I would like to build and test my application within a CICD process. In order to reduce costs, I want to run the build and test as two separate jobs on two different machines. The build should only have a CPU, and the test will have a GPU as well. The base image is from nvidia/cuda
. The problem is that the cuda libraries seem to only be available when using the nvidia docker runtime. I get the following warnings and errors when running without nvidia runtime:
/usr/bin/ld: warning: libcuda.so.1, needed by mylib.so, not found (try using -rpath or -rpath-link)
/usr/bin/ld: warning: libnvidia-ml.so.1, needed by mylib.so, not found (try using -rpath or -rpath-link)
/usr/bin/ld: mylib.so: undefined reference to `nvmlInit_v2'
/usr/bin/ld: mylib.so: undefined reference to `cuGetErrorString'
/usr/bin/ld: mylib.so: undefined reference to `nvmlSystemGetDriverVersion'
/usr/bin/ld: mylib.so: undefined reference to `nvmlDeviceGetArchitecture'
/usr/bin/ld: mylib.so: undefined reference to `nvmlDeviceGetCount_v2'
/usr/bin/ld: mylib.so: undefined reference to `cuCtxPushCurrent_v2'
/usr/bin/ld: mylib.so: undefined reference to `cuStreamSynchronize'
/usr/bin/ld: mylib.so: undefined reference to `cuCtxPopCurrent_v2'
/usr/bin/ld: mylib.so: undefined reference to `cuCtxCreate_v2'
/usr/bin/ld: mylib.so: undefined reference to `cuDeviceGetCount'
/usr/bin/ld: mylib.so: undefined reference to `cuMemcpy2DAsync_v2'
/usr/bin/ld: mylib.so: undefined reference to `nvmlDeviceGetHandleByIndex_v2'
/usr/bin/ld: mylib.so: undefined reference to `cuCtxGetCurrent'
I am able to successfully build this library on a gpu machine with the same docker container by adding --gpus all
to docker run command, and on that same gpu machine removing it gets the same errors above.

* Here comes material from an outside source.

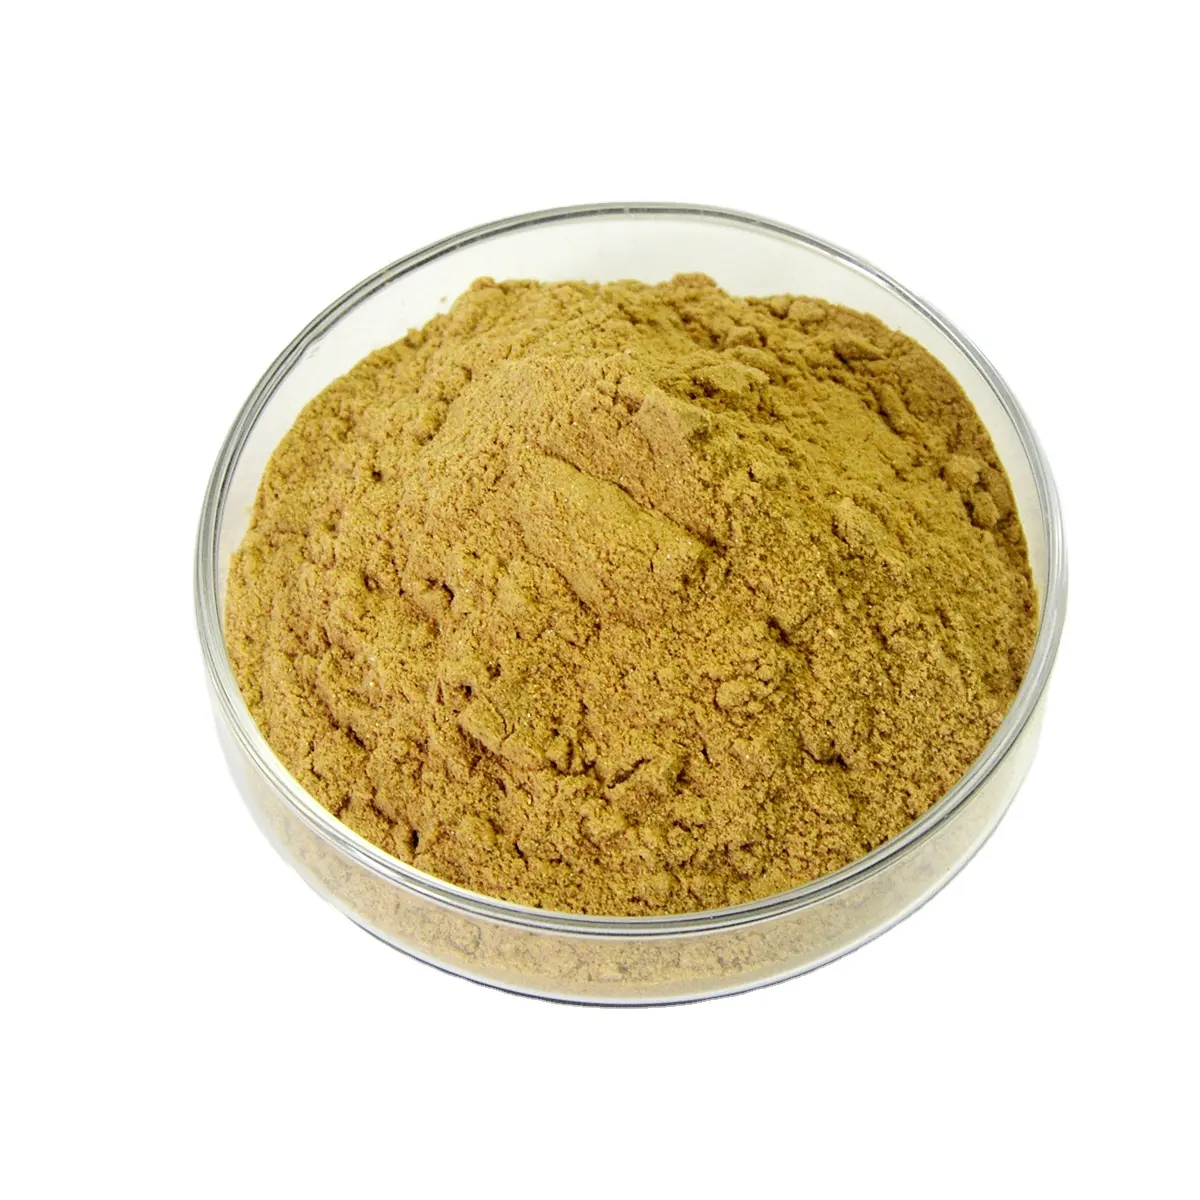 ShuangHuangLian plant extract Mixture Scutellaria Extract Forsythiae Fructus Extract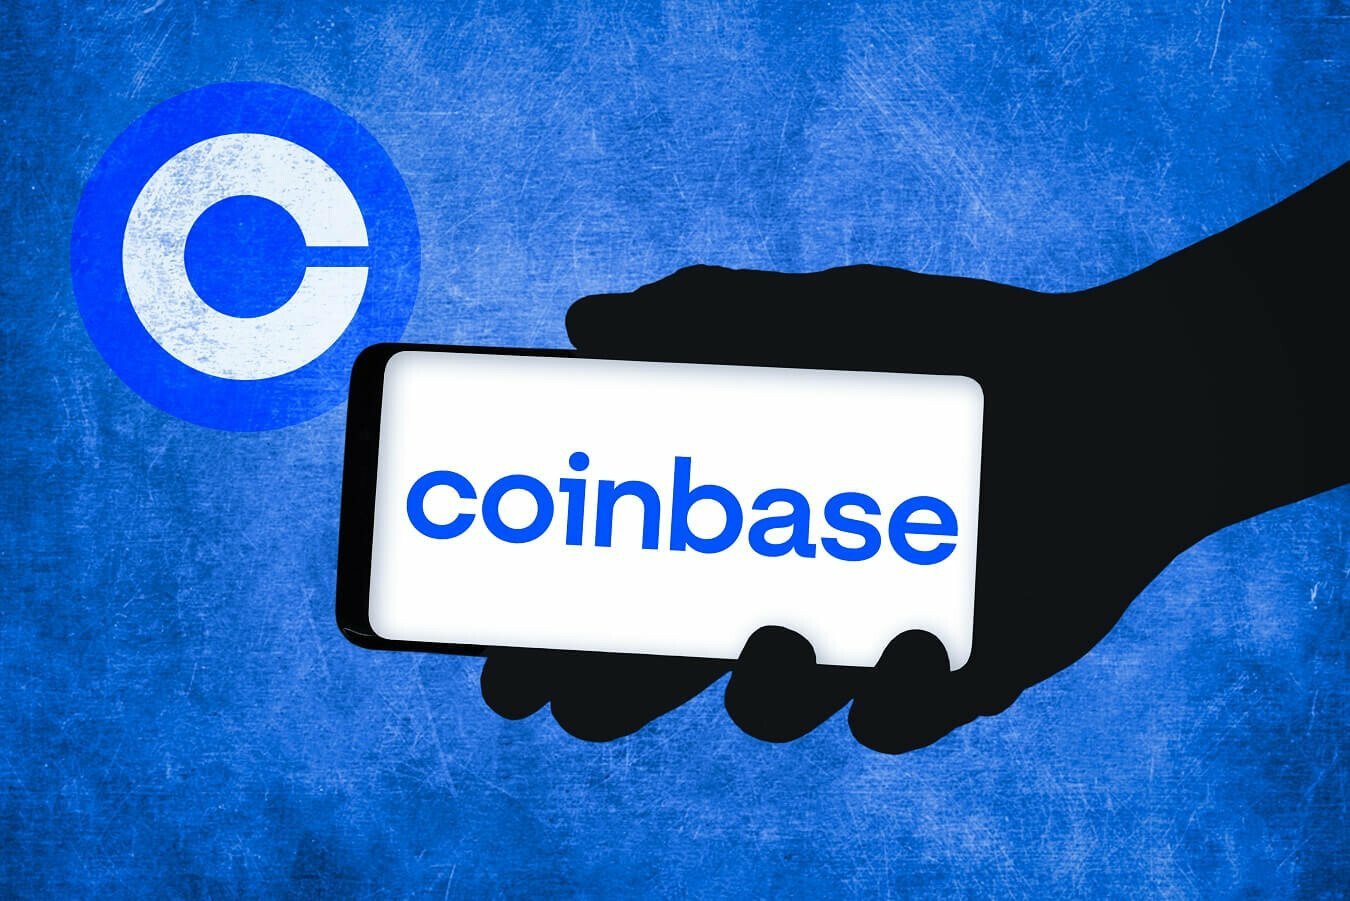 Bank of America Upgrades Coinbase Rating from Underperform to Neutral

Is there a way to have libcuda
, libnvidia-ml
, etc. be available inside the docker container when the host does not have access to a GPU. Again I don't want to actually run the application on the build machine, it will be copied to another machine that does have a GPU for testing.
Turns out the cuda docker image has a set of stub libraries for this exact purpose. They are in /usr/local/cuda/lib64/stubs
. I was unable to get cmake to find them, so a symlink did the trick.